▶ _Task instructions_: Ignoring every picture, return the lines of the listing below word for word, from the line that holds "Managing playworkers and" through the line that holds "Modern home lit".

▶ _Record extracts_:
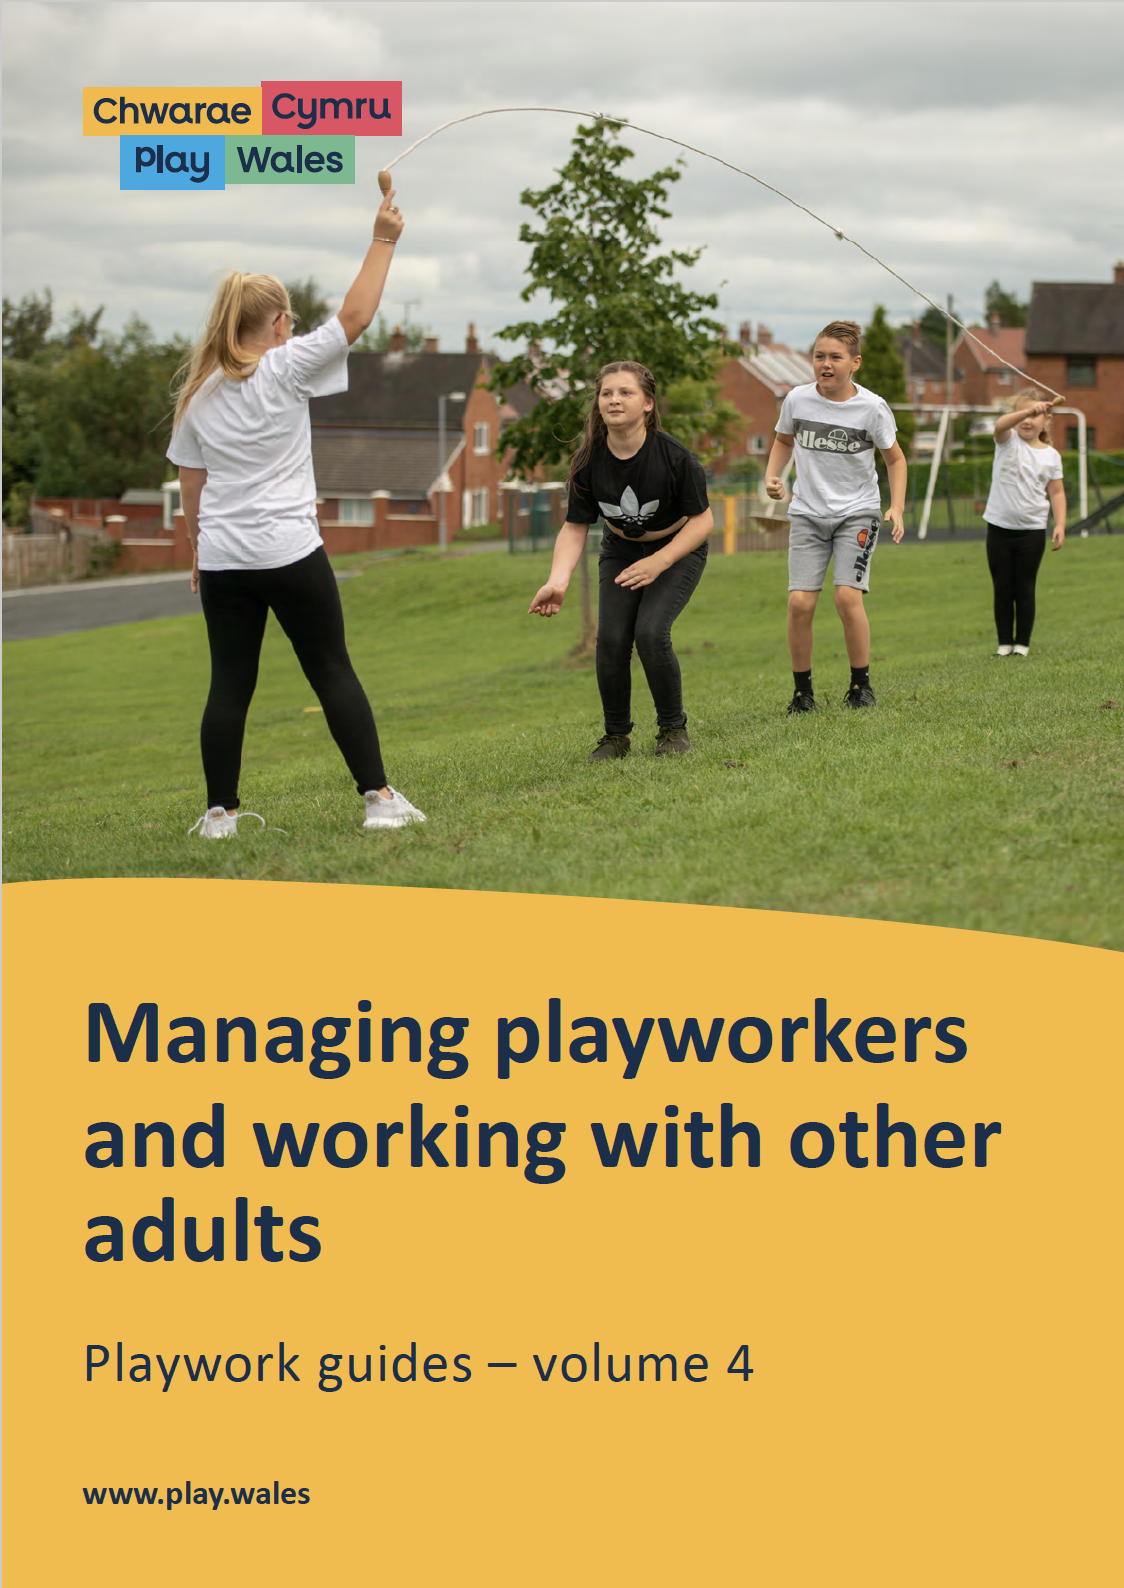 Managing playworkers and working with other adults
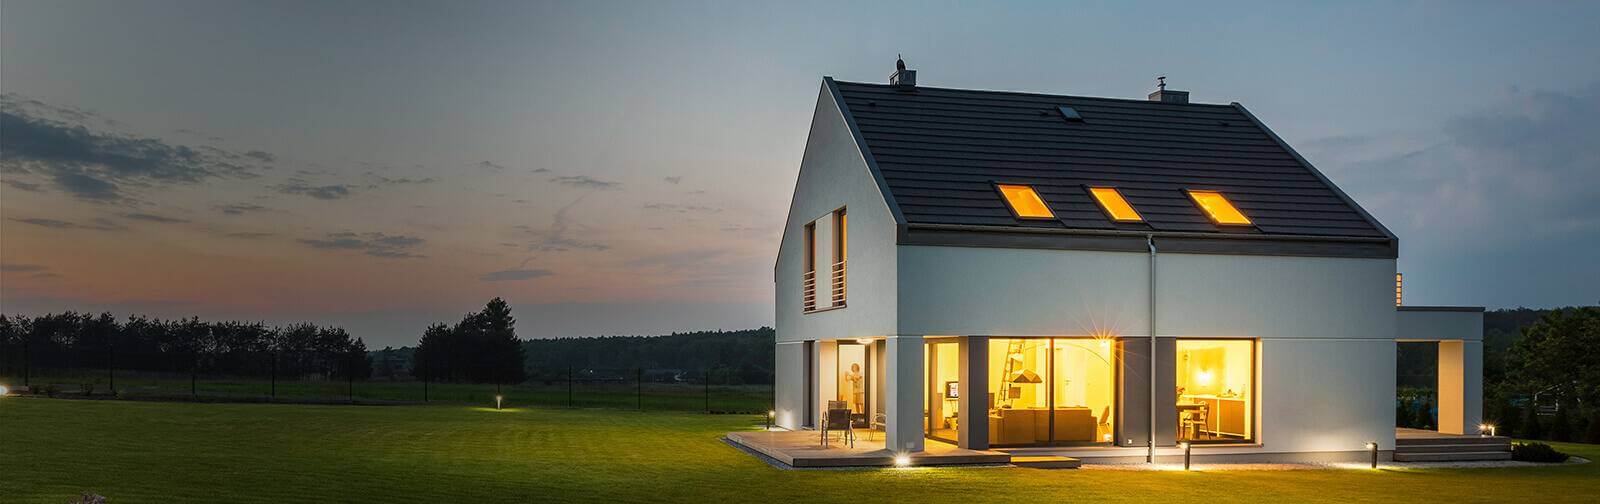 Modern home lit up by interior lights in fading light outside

...

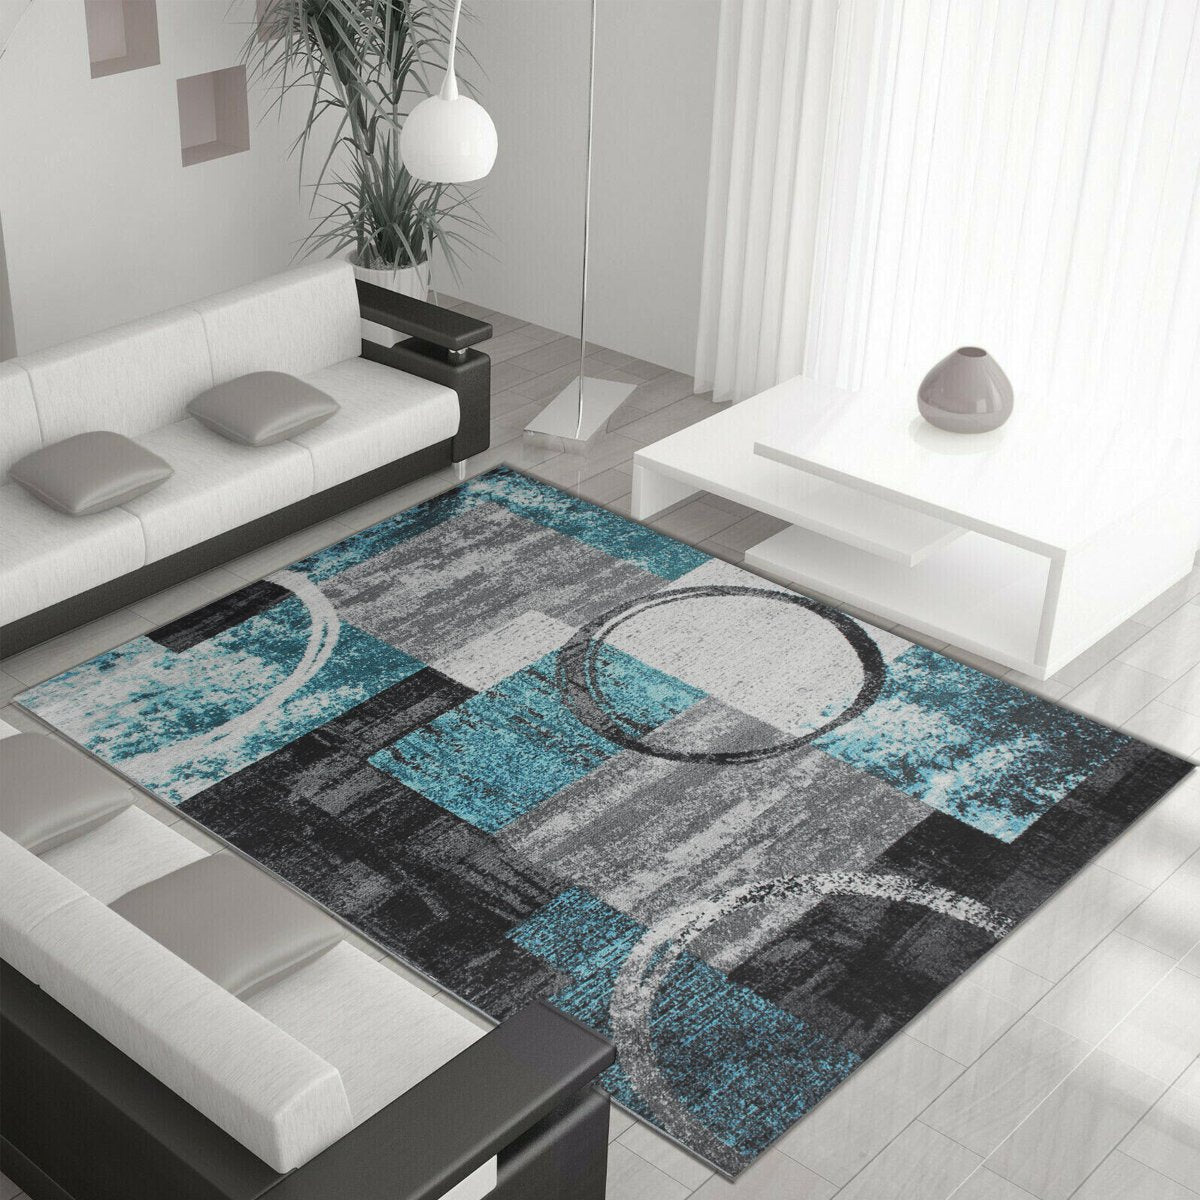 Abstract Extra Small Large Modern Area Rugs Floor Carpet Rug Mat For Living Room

▶ _Answer_:
 Managing playworkers and working with other adults
 Modern home lit up by interior lights in fading light outside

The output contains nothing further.